Monday, April 25, 2011

Religion

Yesterday was Easter Sunday. I didn't do anything. I didn't get up and go to a beautiful, heart warming, spirit filling sunrise service like I love to do on Easter Sunday. I didn't even go outside and read my bible or have my own little sermon. At first I felt wrong, like I was going to be shunned for not doing anything on Easter. Then I thought about it, I never go to church, unless my mom asks me to sing with her at the contemporary service at her church. What's the point in going on the big Sundays if you don't go any other Sunday?

I believe in God and Jesus, but I don't believe you have to go to church to prove that. I think God understands that church isn't for everyone, mostly because it's filled with judgmental snobs who have no right to judge you. The only time I feel right at church is if I'm singing on a stage worshiping. I don't really call myself a Christian anymore. I'm not. I don't live my life for Christ. I live my life for me and thank Christ for giving me a life to live. Is that wrong? A lot of people think so.

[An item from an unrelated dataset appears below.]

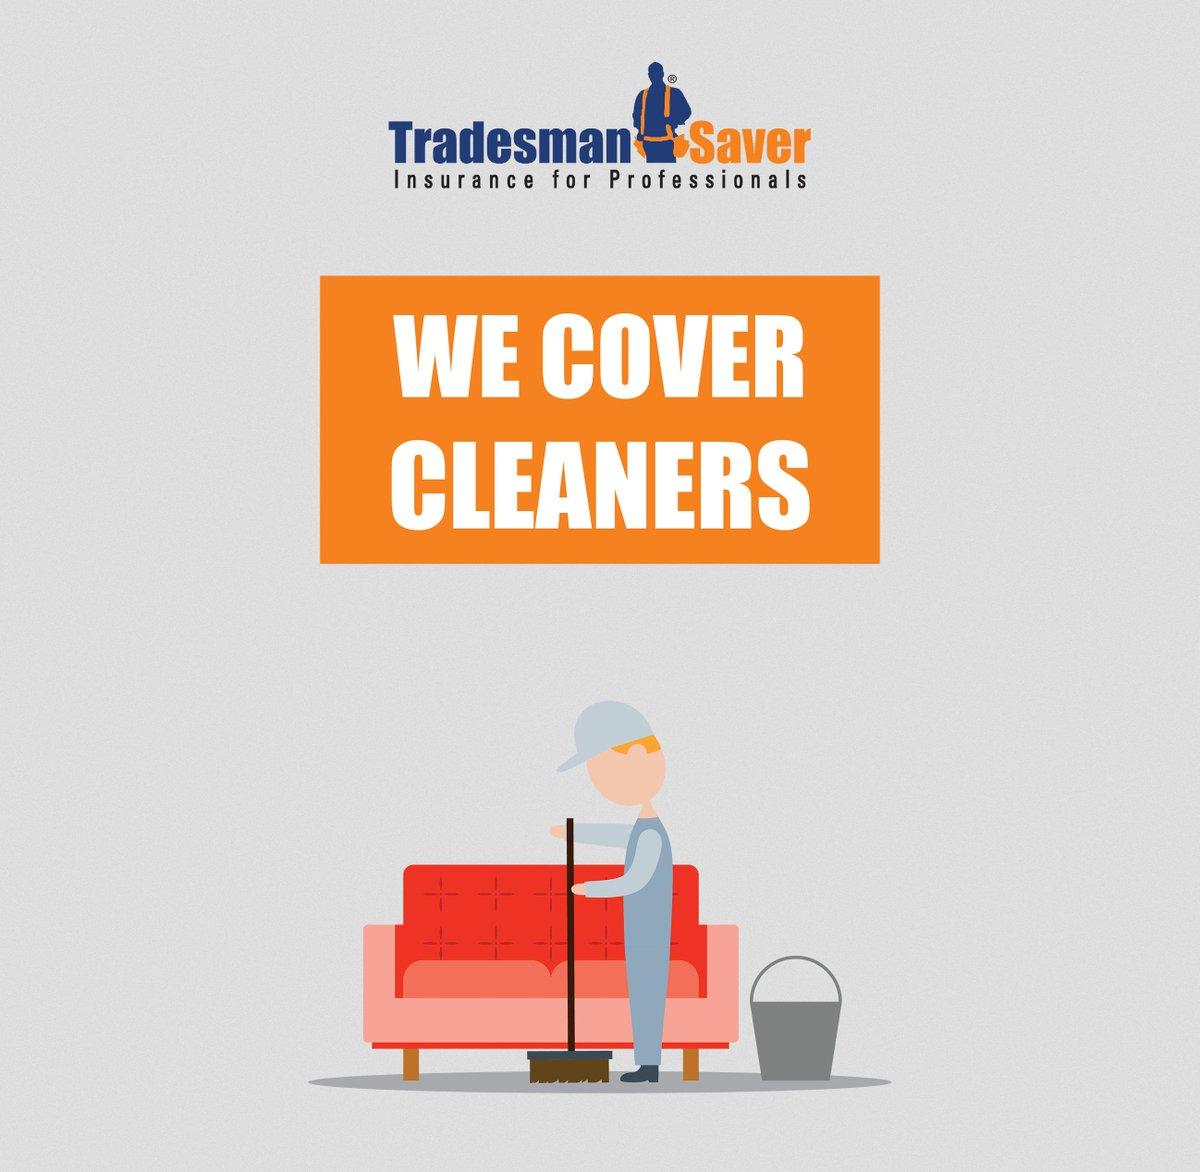 tradesman_saver photo
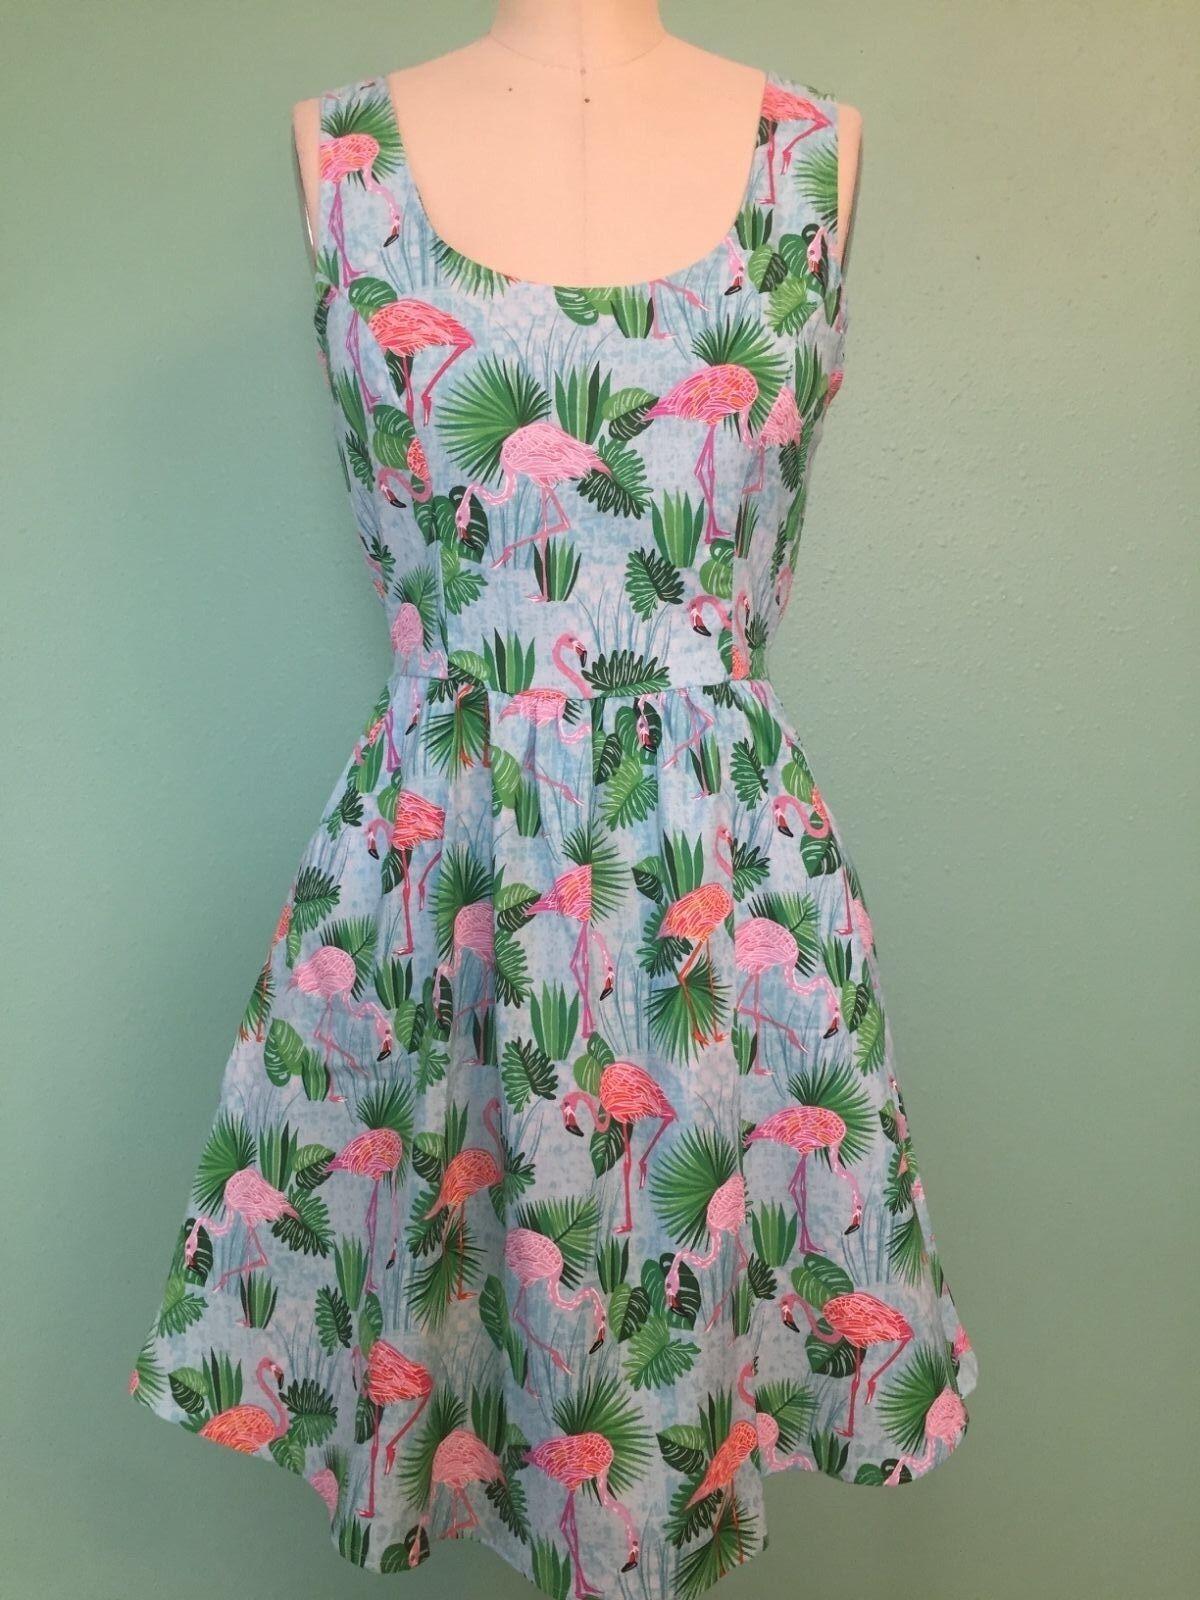 NWT Folter Retrolicious Flamingo Party Dress retro vintage style

This post wasn't going to be about my dad, but this whole thought process kind of circles back to him. When my church back home found out about what my dad was addicted to, they kind of shunned our family for a little while. People would look at me like I was the devil, like I had done the drugs instead of my father, like I was going to end up just like him. I hated those people. Not everyone was like that, some people reached out to us and were as nice as could be by offering help and money, but I still can't believe people who called themselves Christians were being so judgmental. I thought God was the only one who could judge someone. At least, that's what Christian's taught me. They were being hypocrites. I hated that church for that reason.

For a while I prayed to God to give me the strength to show my face in that church and he did. He also got me through some very hard times. That was when i realized my problems weren't with God, they were with church and Christians.

I kind of feel like I should start my own religion. Be a good person, have a good heart, thank God for your life, and you're going to heaven... sounds freaking awesome to me!